This is usually enough to indicate a problem with your service line out to the pole transformer.

Here is another test.

Measure voltage at one of your duplex wall receptacles. Plug in a hair dryer and turn it on medium. Measure the voltage at the other half of the duplex receptacle. If you notice a significant change like more than 10 volts, stop. If not, switch the hair dryer to high and measure the voltage yet another time.

Less than five volts change with the hair dryer in high probably means there is no problem with your neutral. More than 10 volts of a change means you have some kind of significant problem somewhere.

Noticeable brightening of incandscent lights elsewhere in the house when you turn on the hair dryer is a sure sign of a neutral problem.

For now do not unhook the grounding electrode conductor from the water pipe while you have 120 volt equipment other than a few lights plugged in and turned on. You could create or exacerbate an imbalance that fries your equipment.


----------



## AllanJ (Nov 24, 2007)

Yet another test.

Only for persons with lots of electrical experience and only if there is a utility pole on your side of the street and nearby. 

Get a long wire (#14 THHN or other single conductor will do) and first hook one end to the ground wire coming down the utility pole. Stretch the wire over to your house and down to the panel. 

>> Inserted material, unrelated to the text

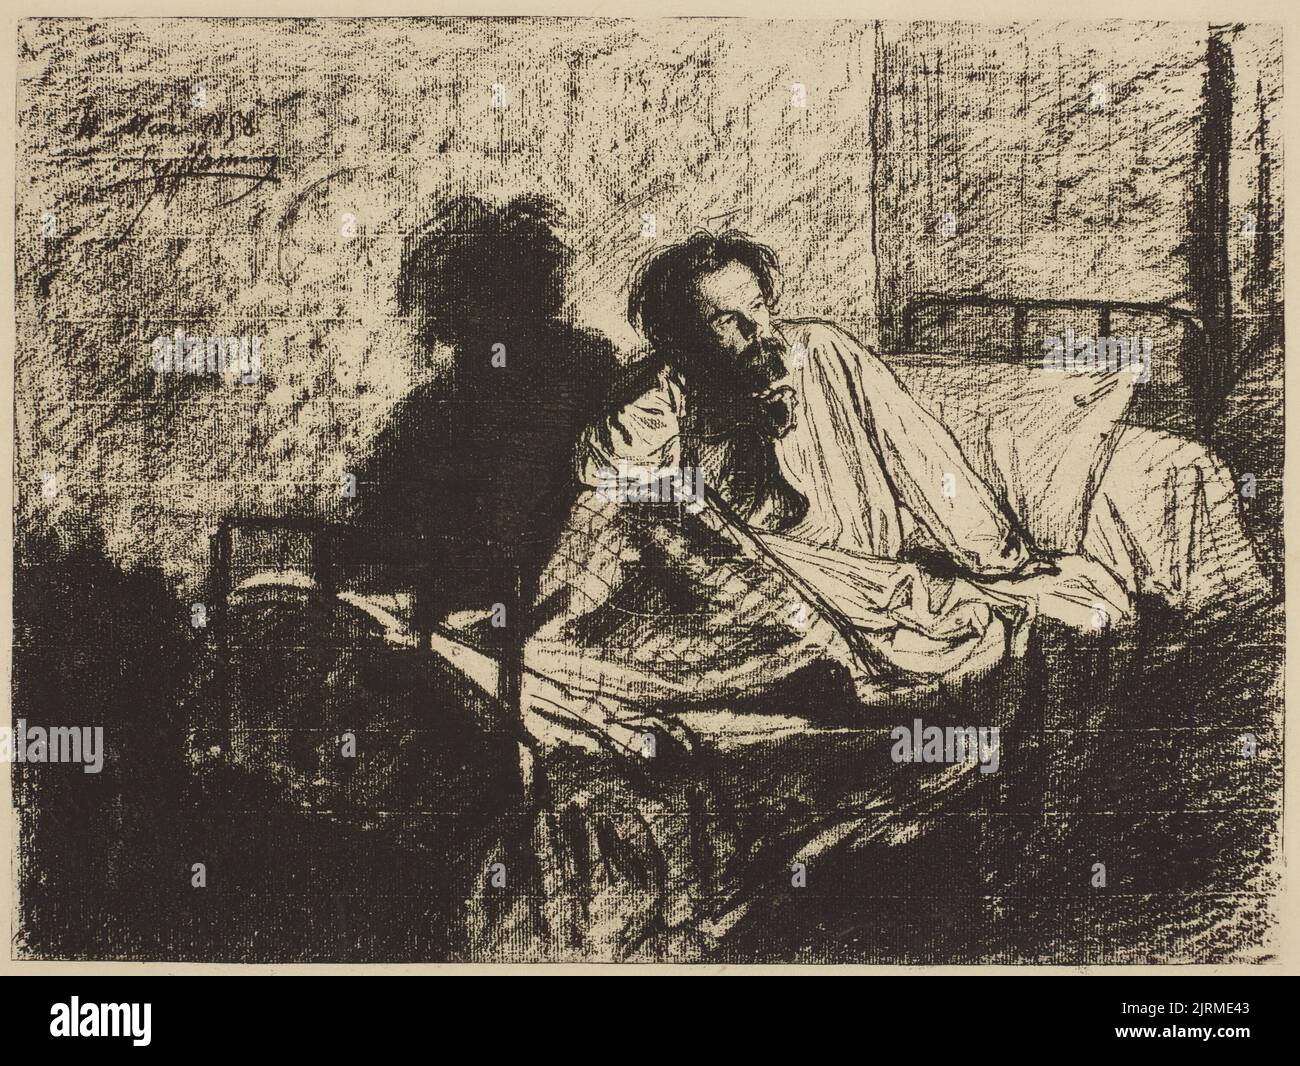 Porträt von Charles Meryon auf seinem Krankenbett., 1858, Frankreich, von Léopold Flameng. Geschenk von Sir John Ilott, 1962. Stockfoto

Turn off your main breaker. Connect the wire to your panel neutral bus bar. Turn the main breaker back on.

If all the problems including more than a few milliamperes of current on the water pipe go away then you definitely have a problem in your service neutral.

Remove the wire after conducting the test so persons, dogs, or vehicles don't dislodge the wire from the utility pole and then the end becomes live relative to the earth.

"Will a 120/240 volt system work without a grounding electrode system?"

Yes, and correctly if all three lines -- hot, hot, neutral -- are in good condition.

"Where will the excess current go?"

With no GES, all of the neutral current normally goes out the neutral conductor in the service drop and the hot to neutral voltage remains at 120 subject to losses (voltage drop) in the wires. If the neutral is open then all the current coming in one hot conductor goes out the other. Under this abnormal and dangerous condition hot to neutral on one side can be vastly different from hot to neutral on the other side while hot to hot remains at about 240.


----------



## stickboy1375 (Apr 28, 2012)

Have the water company install a dielectric union, problem solved... 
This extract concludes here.